PROdigital TV e.V.

Pressemeldungen

20.02.2026

Zur Berlinale: PROdigitalTV Medienfrühstück mit einer Experten-Bestandsaufnahme: Wie hat KI die Medienwirtschaft verändert?

Mensch versus Maschine? Die KI gewinnt in rasantem Tempo Fahrt und stellt die Medienwirtschaft vor immer neue Herausforderungen. Experten aus der Branche setzten sich auf dem Symposium mit der Frage auseinander, welchen Einfluss die KI auf Content, Kommun


Am 17. Februar fand das PROdigitalTV Medienfrühstück in Berlin traditionell im Umfeld der Berlinale statt. Sponsor der jährlich wiederkehrenden Veranstaltung war die HEUSSEN Rechtsanwaltsgesellschaft.

Ein Schwerpunktthema war in diesem Jahr eine erste Bestandsaufnehme, wie weit Künstliche Intelligenz die Medienwirtschaft nicht nur beeinflusst, sondern zunehmend auch steuert. Dabei geht es neben der dynamischen technologischen Fortentwicklung auch um die Konsequenzen ihres Einsatzes: Für Kreative und Produzenten, für Contentformate und Vermarkter, und letztlich auch für Konsumenten. Ein wesentlicher Aspekt war auch die Betrachtung rechtlicher Grundsatzfragen, wie z.B. die nach einer funktionierenden Regulierung.

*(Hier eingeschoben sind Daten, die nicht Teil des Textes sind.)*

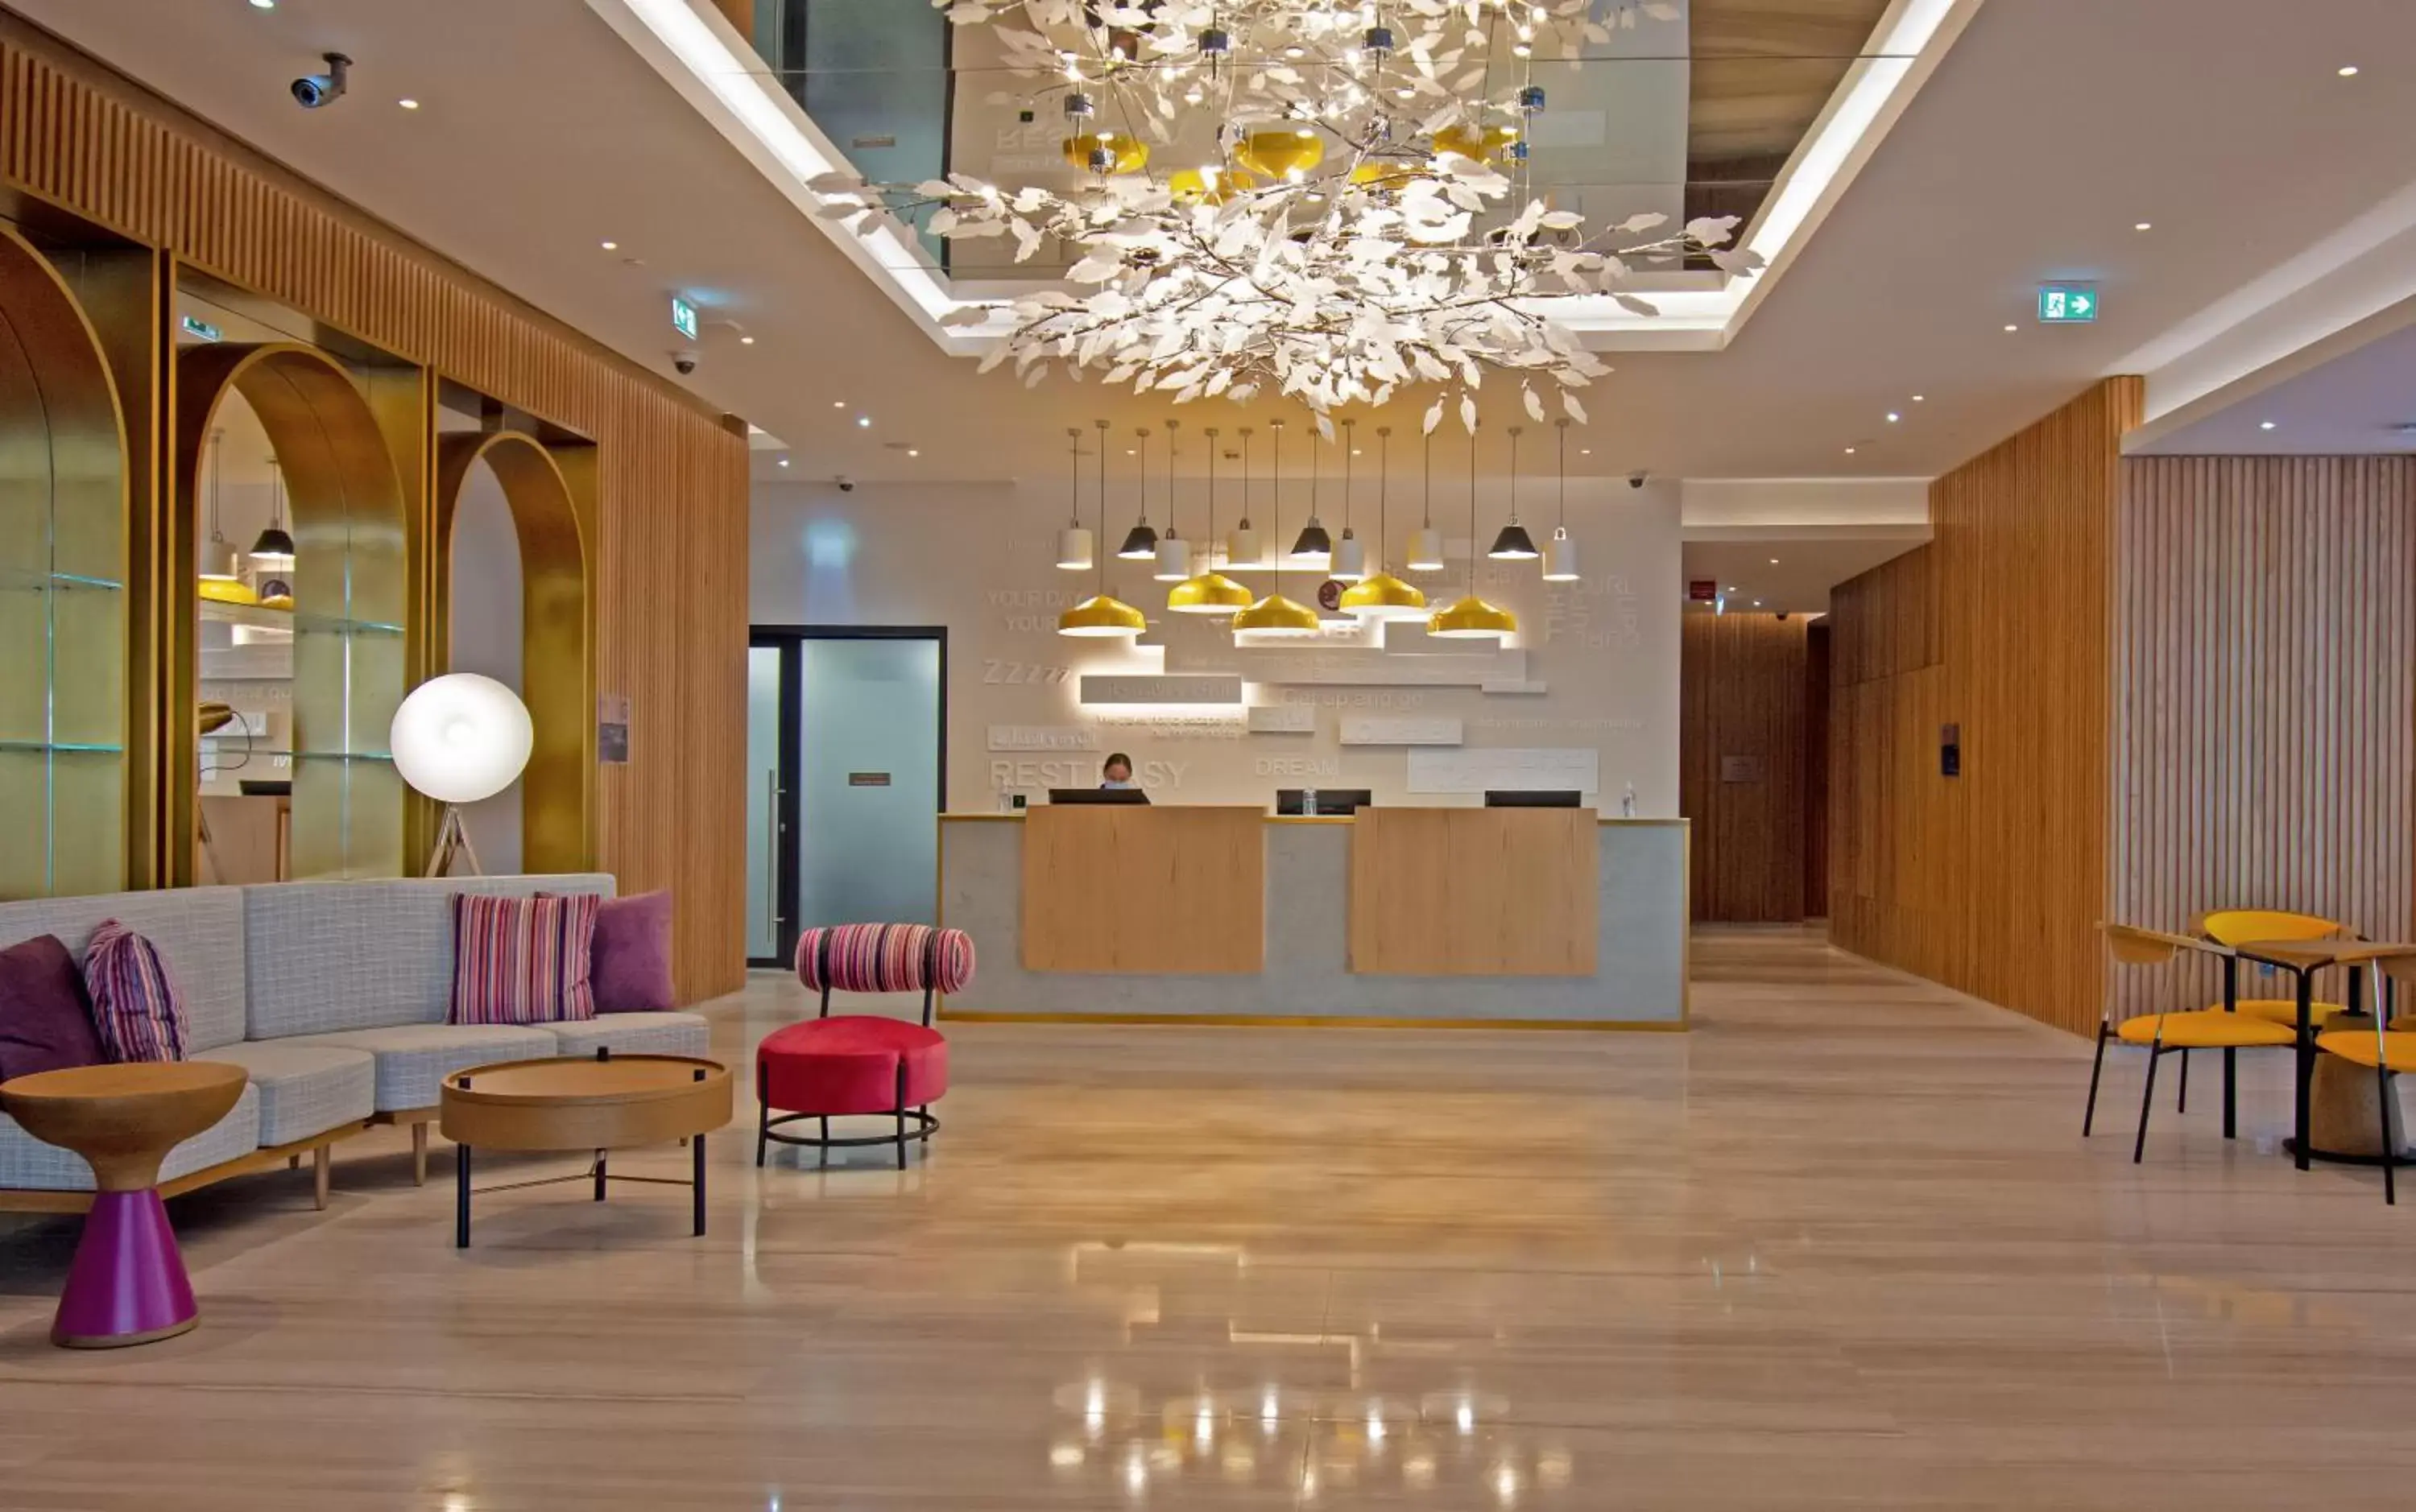 Lobby or reception, Lobby/Reception in Premier Inn Dubai Barsha Heights
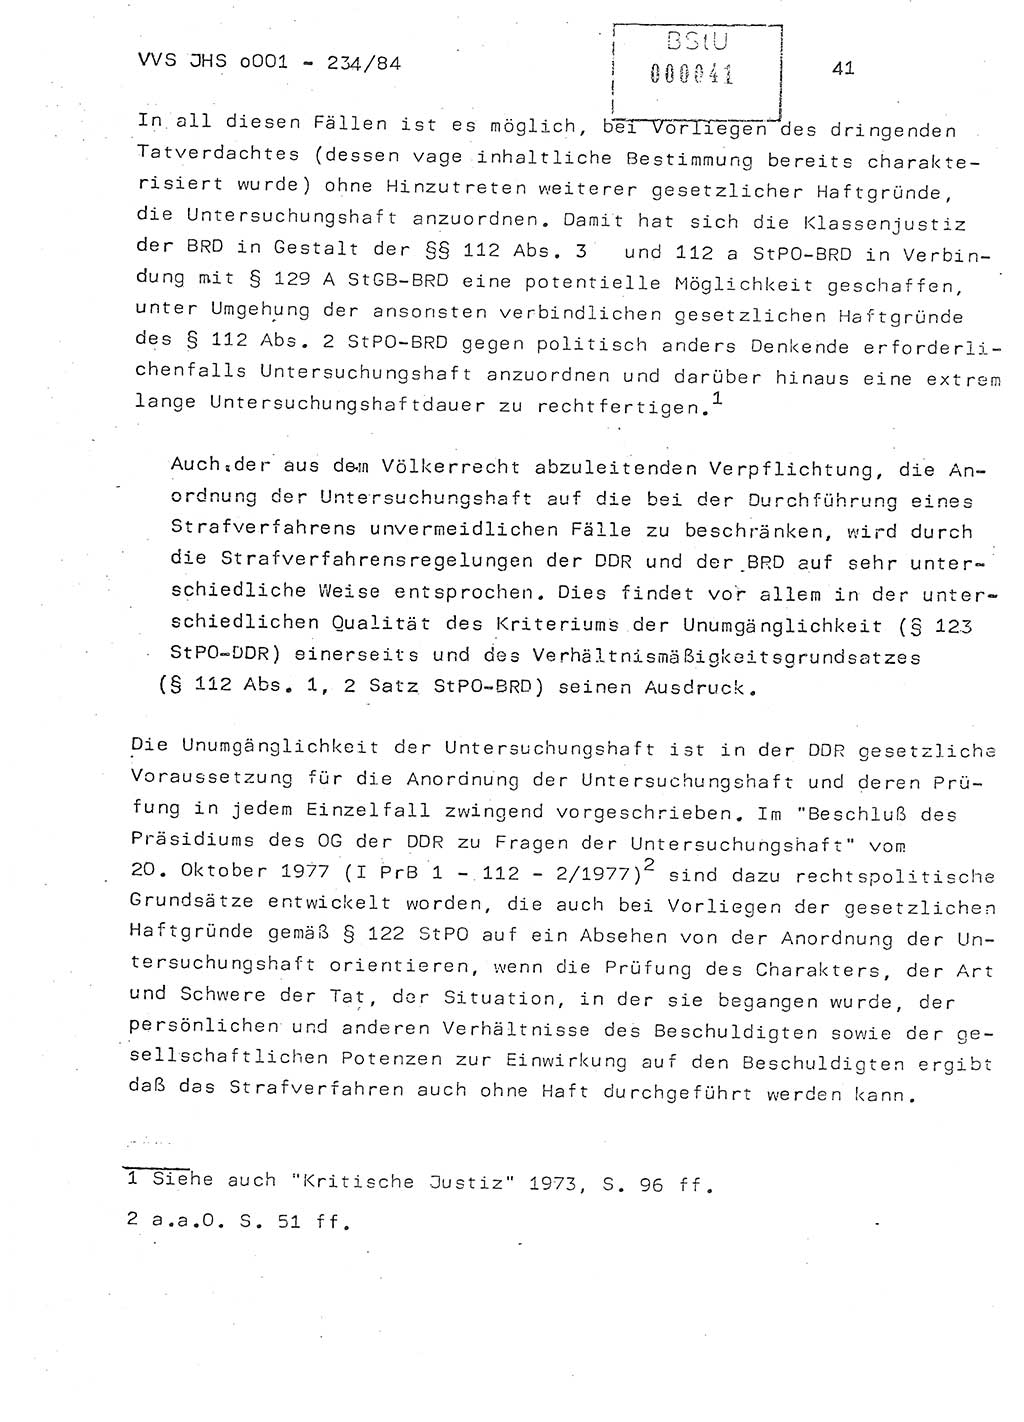 Dissertation Oberst Siegfried Rataizick (Abt. ⅩⅣ), Oberstleutnant Volkmar Heinz (Abt. ⅩⅣ), Oberstleutnant Werner Stein (HA Ⅸ), Hauptmann Heinz Conrad (JHS), Ministerium für Staatssicherheit (MfS) [Deutsche Demokratische Republik (DDR)], Juristische Hochschule (JHS), Vertrauliche Verschlußsache (VVS) o001-234/84, Potsdam 1984, Seite 41 (Diss. MfS DDR JHS VVS o001-234/84 1984, S. 41)

„Natürlich ist die KI für Kreative und Kommunikationsagenturen ein Gamechanger“,

Gregor C. Blach, Gründer und Geschäftsführer der Agentur „WE DO communication“ und Vorstand des Marketing Club Berlin e.V., stellte in seinem Vortrag menschliche Kompetenz und Künstliche Intelligenz als zwei Pole dar, die sich gegenseitig befruchten, aber auch im Wettbewerb zueinander stehen können. Kreativagenturen, so Blach, arbeiten heute mit verschiedenen KIs, die neben einem höheren Arbeitstempo auch selbst Ideen vorschlagen.

Doch was passiert, wenn Algorithmen selbstständig Konzepte entwerfen, Texte schreiben und Bilder generieren? "Natürlich ist die KI für Kreative und Kommunikationsagenturen ein Gamechanger", konstatiert Blach. "Aber der eigentliche Booster ist die Zusammenarbeit: Menschen definieren weiterhin Strategie,  Leitidee, Tonalität -  die KI übernimmt: Adaption, Visualisierung, Optimierung und Skalierung. KI hilft also bei der Content-Erstellung - aber die Menschen erzeugen die Bedeutung".

„Bei Musik sollte auch im KI-Zeitalter der Mensch im Fokus stehen“

Michael Duderstädt, Direktor Politische Kommunikation der GEMA und Standortleiter Berlin,stellte die Frage nach der Bedeutung von KI für die Musikwirtschaft. Was ist Musik wert, wenn Maschinen sie erzeugen? Der Vortrag stellte die Bedeutung menschengemachter Musik in den Mittelpunkt und beleuchtete, wie KI-Anbieter die Musikwirtschaft herausfordern. Vor dem Hintergrund von Klagen der GEMA gegen die KI-Anbieter OpenAI und Suno ging es um den Schutz menschlicher Leistungen, faire Regeln - und ein Plädoyer dafür, dass  bei Musik auch im KI-Zeitalter der Mensch im Fokus stehen sollte.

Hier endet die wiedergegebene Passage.